Winner — Education Award: De Beers Fund
De Beers Consolidated Mines, like many companies in South Africa, has recognised that urgent intervention is needed if the country is to meet its growing skills requirement — especially for companies that need skilled engineers and other science-based professionals.
Education is the largest single focus of its corporate social investment (CSI) programme, the De Beers Fund, totalling 39% of its spend. Since 1998 the fund has spent R143.2-million on a range of educational initiatives.
Jane Roach, the CSI education specialist at Tshikululu Social Investments, the management agency handling the De Beers Fund, says the skills shortage is not entirely to blame on the curriculum.
“There has just been so much change. We need teachers who are paid well, are able to adapt and update the curriculum and who are themselves able to meet the standards required to fulfil the new skills set required in the economy,” she says.
Under the banner, “From bricks to mortarboard”, the fund supports schools infrastructure devel opment, teacher capacity building, early childhood and life skills development and tertiary education.
It keeps a keen focus on improving the maths and science skills required to produce professionals. Roach says the standards in maths and science education have slipped and points again to the dearth of teaching skills.
“There has been a significant lowering of the bar. We are fostering a culture of mediocrity,” she says. “We should be emulating countries like Korea that pay learner teachers during their studies to attract the best possible skills into the teaching profession.
“We can also look to Japan and some of the Scandinavian countries where only the top 5% of matriculants are allowed to study to become teachers.”
Fund initiatives to raise the bar in maths and science include establishing the Bokamoso Science and Technology Centre, a maths “hub” and supplementary educat ion programmes in the Northern Cape.
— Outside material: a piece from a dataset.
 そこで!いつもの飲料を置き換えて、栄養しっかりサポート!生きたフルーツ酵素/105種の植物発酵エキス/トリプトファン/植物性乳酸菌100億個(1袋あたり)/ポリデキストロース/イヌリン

The fund tends to focus on hometown mining communities to build infrastructure that benefits those living close to the mines and to inject resources into under-funded rural areas. It invests a substantial portion of its spend on capital projects, building and upgrading facilities.
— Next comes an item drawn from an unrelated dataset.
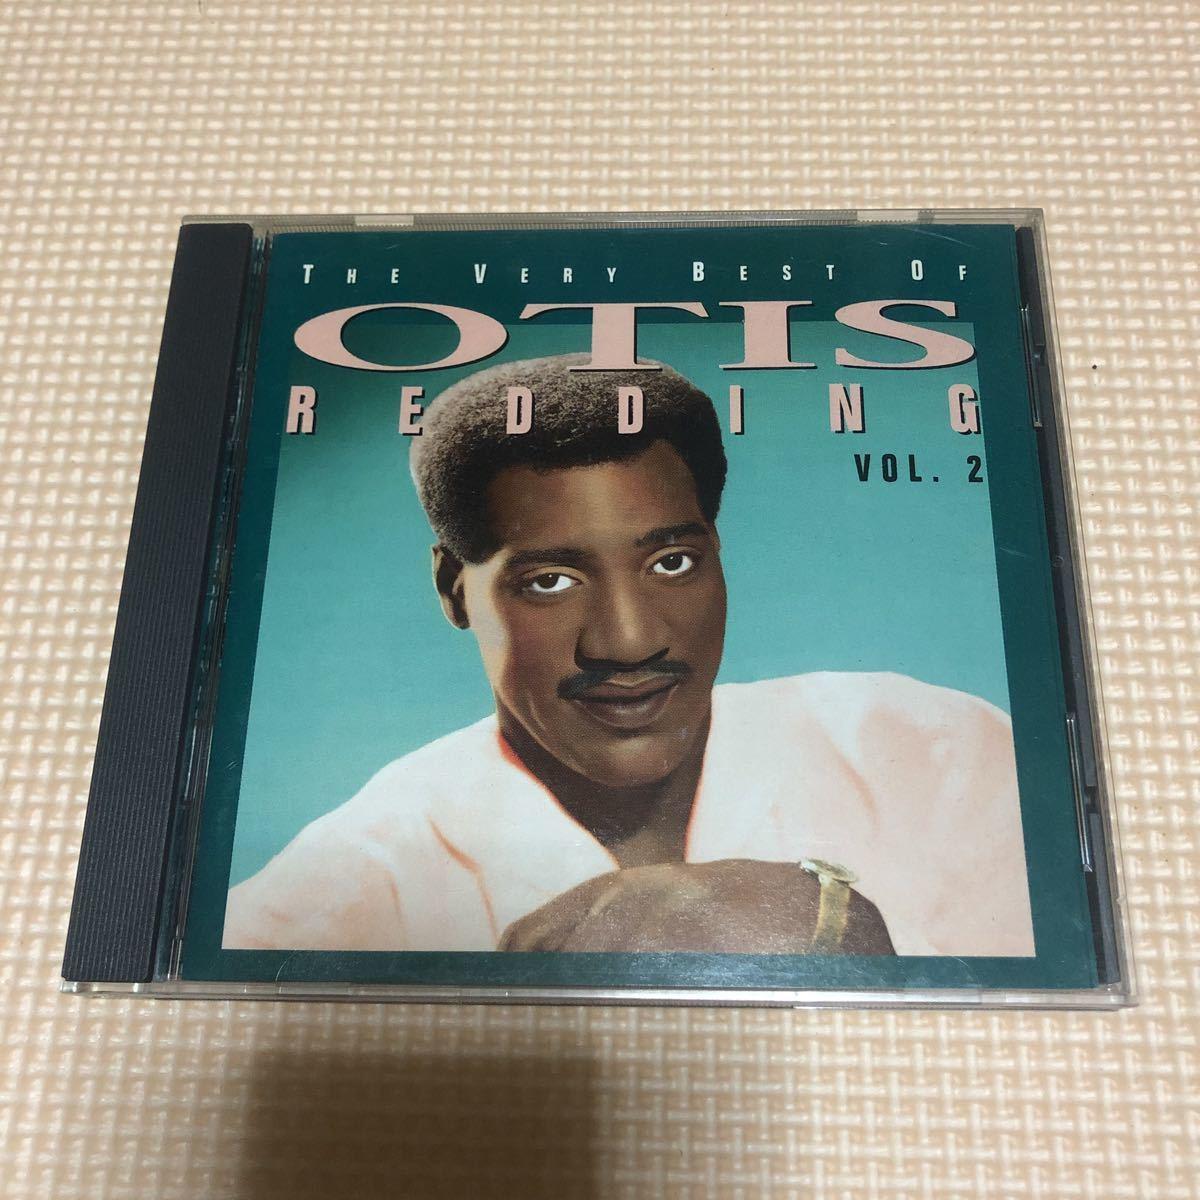 Otis Redding The Very Best Of Otis Redding Vol. 2 USA盤CD

An innovative matched-funding partnership with the departments of education has seen the upgrading of facilities at schools in areas of Limpopo that provide labour for the mines. Other educational initiatives include a Saturday school programme, bursary funding and youth initiatives that focus on life skills.
The Investing in the Future judges were impressed that, despite the parent company reporting a R363-million loss for the 2009-2010 financial year, its CSI spend remained at R50- million in the same period. “The fund’s education focus has a high degree of sustainability and a good impact in the rural areas, despite the recent shrinkage of the company,” they said.